Christopher Gibbs, James H. Ottaway Jr. Professor of Music, comments, “Although written at a difficult time in his life Beethoven’s Eighth Symphony is one of his most ingenious works … and is shorter, lighter, and far more good-humored than its imposing neighbors, the restless Seventh and the towering Ninth. The two final works on the program span Richard Strauss’s creative life. He wrote Death and
Transfiguration at the age of 25 and the Four Last Songs, his final compositions, 60 years later, just before his death at age 85. Strauss had a lifelong love affair with the soprano voice and gave no more moving tribute than in these last songs.”
“Tsontakis, Mozart, Mendelssohn, Revueltas” highlights those composers in the second program of the series, on Friday, February 6, and Saturday, February 7. Works include Mendelssohn’s overture to A Midsummer Night’s Dream, Revueltas’s La noche de los mayas, Mozart’s Symphony No. 41 “Jupiter,” and Clair de Lune by Bard’s Distinguished Composer in Residence George Tsontakis.

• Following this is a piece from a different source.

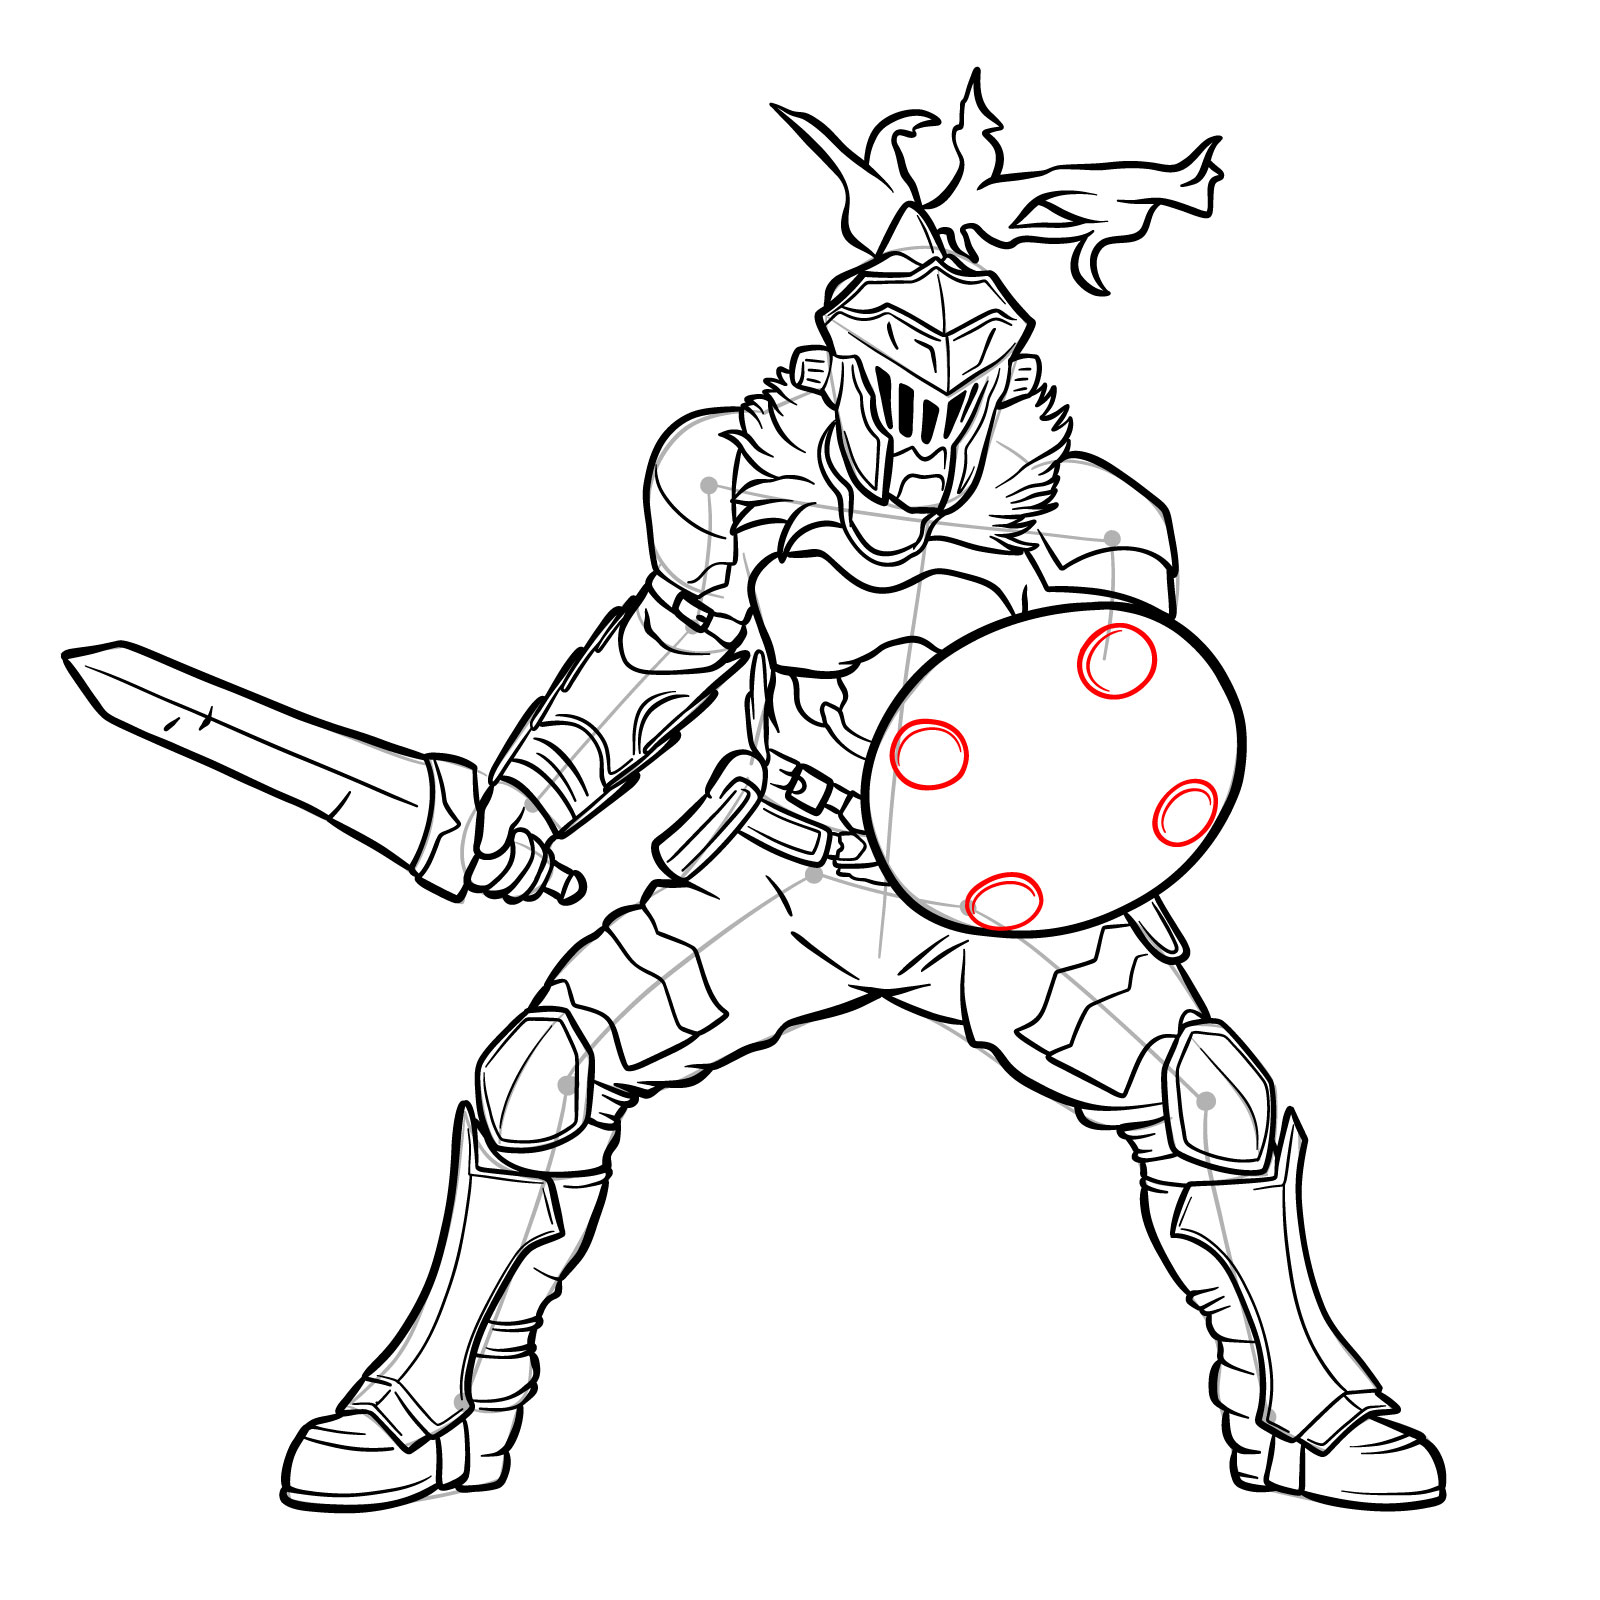 How to Draw Goblin Slayer in battle stance - step 39

The final concerts of the 2007–2008 series, “Wilson, Shostakovich, Brahms,” are presented on Friday, April 17, and Saturday, April 18. Featured works are Wilson’s “The Cello Has Many Secrets,” Shostakovich’s Violin Concerto No. 1, and Brahms’s Symphony No. 3.
American Symphony Orchestra
The American Symphony Orchestra was founded in 1962 by Leopold Stokowski. Its music director and principal conductor is Leon Botstein. As part of Lincoln Center Presents Great Performers at Avery Fisher Hall, the American Symphony has pioneered the performance of thematically organized concerts, linking music to the visual arts, literature, politics, and history. In addition, the American Symphony Orchestra performs in a lecture/concert series with audience interaction called Classics Declassified at Peter Norton Symphony Space. It is also the resident orchestra of the Richard B. Fisher Center for the Performing Arts at Bard College. There ASO maintains a winter season and also performs in Bard’s annual SummerScape Festival and the Bard Music Festival. ASO’s music education programs are presented as numerous high schools through New York, New Jersey, and Long Island.
The American Symphony Orchestra has had an illustrious history of music directors and guest conductors. Succeeding Leopold Stokowski, who directed the Orchestra from 1962 to 1972, were Kazuyoshi Akiyama (1973–78), Sergiu Comissiona (1978–82), Moshe Atzmon and Guiseppe Patane (co-directors 1982–84), John Mauceri (1985–87), and Catherine Comet (1990–92). Notable guest conductors have included Leonard Bernstein, Karl Böhm, Aaron Copland, Morton Gould, Aram Khachaturian, James Levine, André Previn, Yehudi Menuhin, James de Preist, Gunther Schuller, Leonard Slatkin, Michael Tilson Thomas, and Sir William Walton.
Leon Botstein, Conductor
Last season, a recording of Leon Botstein conducting John Foulds’s A World Requiem was released by Chandos from a live performance at Royal Albert Hall with the BBC Symphony. Paul Dukas’s opera Ariane et Barbe-bleue with the BBC Symphony was released by Telarc. (This opera was conducted by Leon Botstein with the American Symphony Orchestra in 1999 and with New York City Opera in 2005.) Soon to be released is Bruno Walter’s Symphony No. 1 with NDR–Hamburg on the CPO label. This season, Mr. Botstein leads the Jerusalem Symphony Orchestra a tour of the U.S. West Coast (following 2006’s triumphant tour of the East Coast); and opens the Leipzig Bach Festival with a performance of Mendelssohn’s Elijah to commemorate the composer’s bicentennial.
Mr. Botstein is the editor of The Musical Quarterly and the author of numerous articles and books. For his contributions to music he has received the award of the American Academy of Arts and Letters and Harvard University’s prestigious Centennial Award, as well as the Cross of Honor, First Class, from the government of Austria. In 2004 he was invited by former Secretary General Kofi Annan to address the U.N. on the topic “Why Music Matters.”